Design Your Fashionable Uniform. Elsa in Frozen Halloween. Elsa's Halloween Love Date. Elsa with Anna Dress Up. Warm Wedding Girl. Snow White Fantastic Dress Up. Spring Celebration Dressup. Welcoming New Year. Smart Girl Thanks Giving Dressup. Big Chocolate Chip Cookies. A Happy Weekend Girl. Yet maidens could attend the men's games, probably to familiarize them with the world of men. The only married woman permitted to watch the Olympics was the priestess of Demeter, whose privilege probably derived from the location of an ancient altar and sanctuary of that goddess in the middle of the stadium seating area.
In Sparta girls were favored with an exceptional educational system that included training in most of the same athletic events as boys. The aim was eugenic: healthy women produced healthy citizen-warriors. The contests were restricted to unmarried girls, who competed either nude or wearing only skimpy dresses. Boys were admitted as spectators, a practice intended to encourage marriage and procreation. Some Spartan maidens ran a special race for Dionysos, god of adult females, and this athletic ritual may also have celebrated their communal rite of passage.
At the sanctuaries of Brauron and Mounychion in Attica, girls celebrated the Arkteia or "Bear Festival," a quadrennial mystery ritual in honor of Artemis, goddess of wild animals and maidens. Legend says that this was a prenuptial festival required of all girls of Attica.
A series of vases found at the Arkteia sanctuaries depicts girls, both nude and in short chitons, apparently performing various ritual activities, including dancing and running. The scenes of running appear to show girls chasing one another in a contest symbolic of their change of status from "wild" to "tame. Only after the classical period did Greek girls come to compete in men's athletic festivals.

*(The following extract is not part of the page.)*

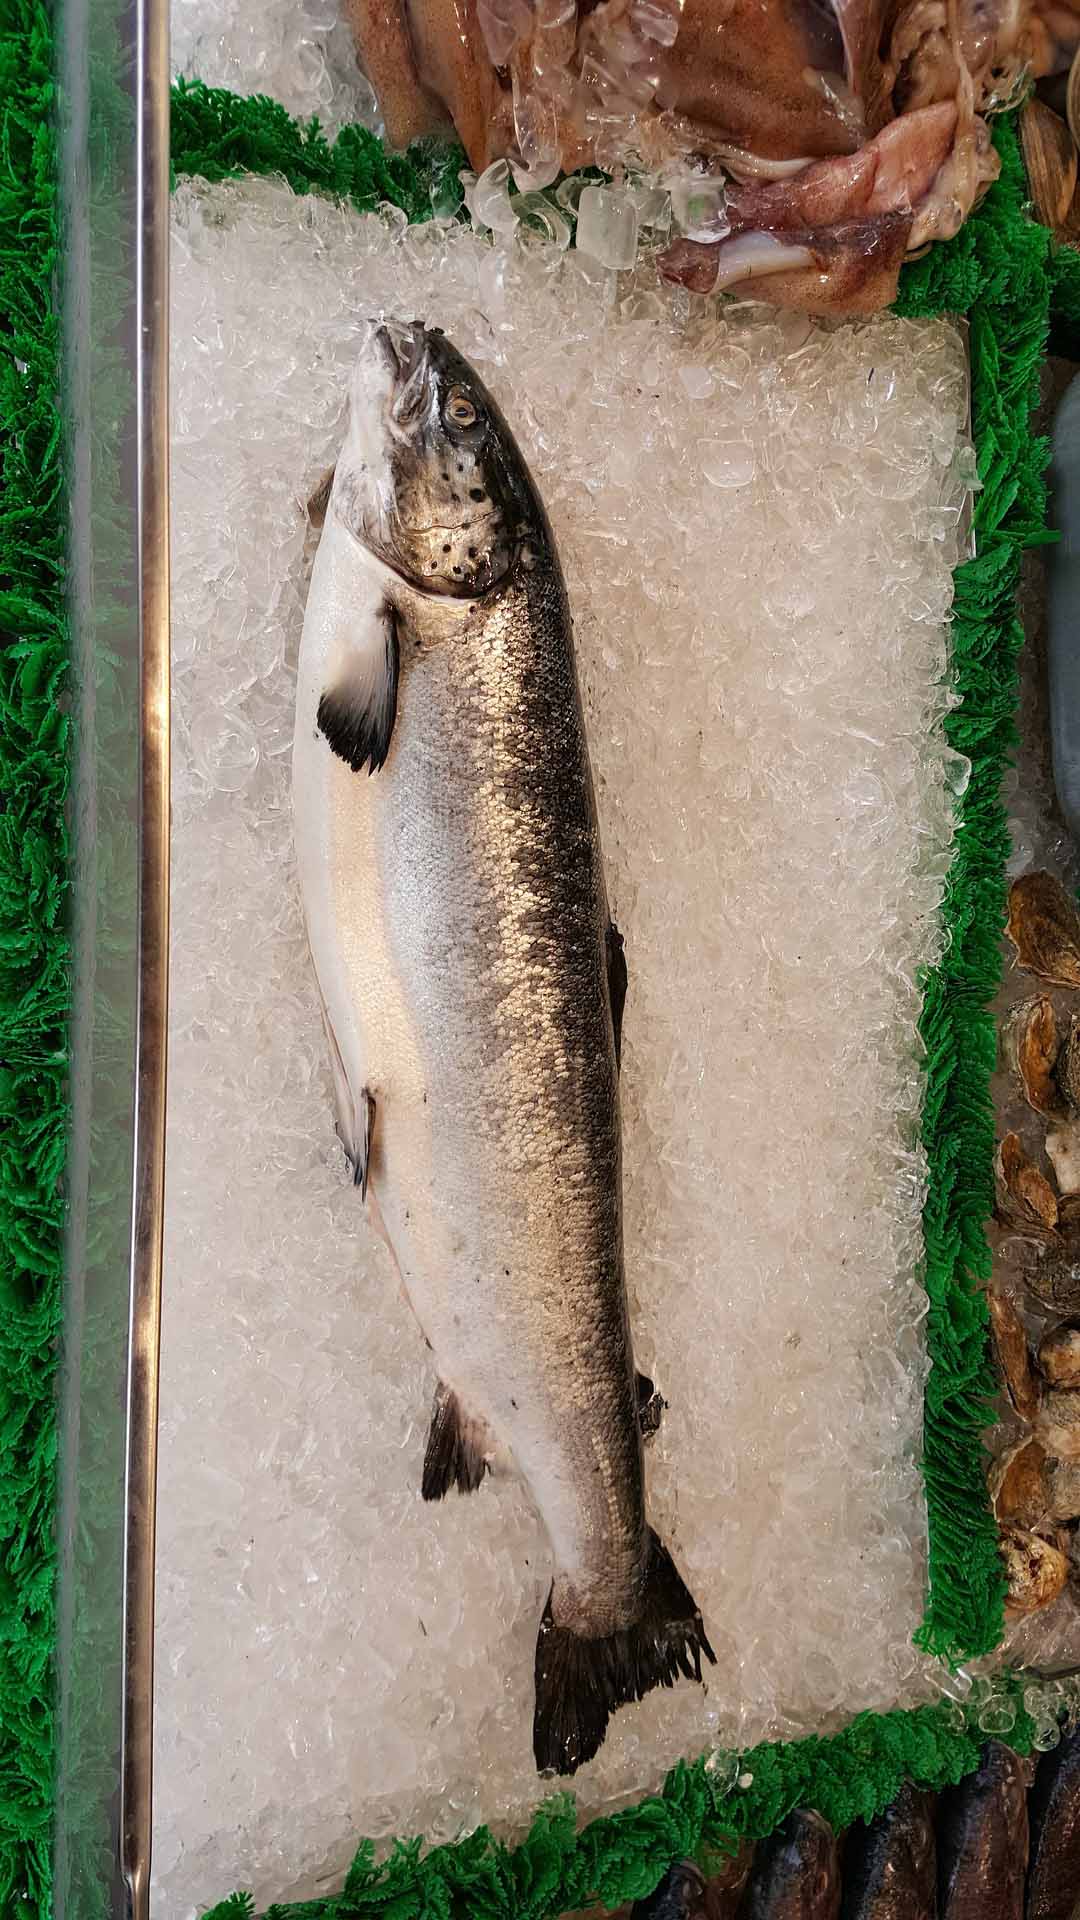 salmon-gf91a2b8cb_1920

References to this are few and late, suggesting exceptional social circumstances and perhaps the pressure of the Roman political system, which allowed the daughters of the wealthy to participate in men's festivals. Several noble girls are recorded as victors in the chariot race at Olympia and elsewhere, but they were owners, not drivers. A first-century A. Yet these girls probably competed only against other girls, as in a race for daughters of magistrates at the Sebasta festival in Naples during the imperial period and the races for women instituted by Domitian at the Capitoline Games in Rome in A.
Thomas F. Scanlon is a professor of classics at the University of California, Riverside. He is director of the Program in Comparative Ancient Civilizations and is author of Eros and Greek Athletics Oxford: University of Oxford Press, and other articles and books on ancient sports and Greek and Roman historical writing.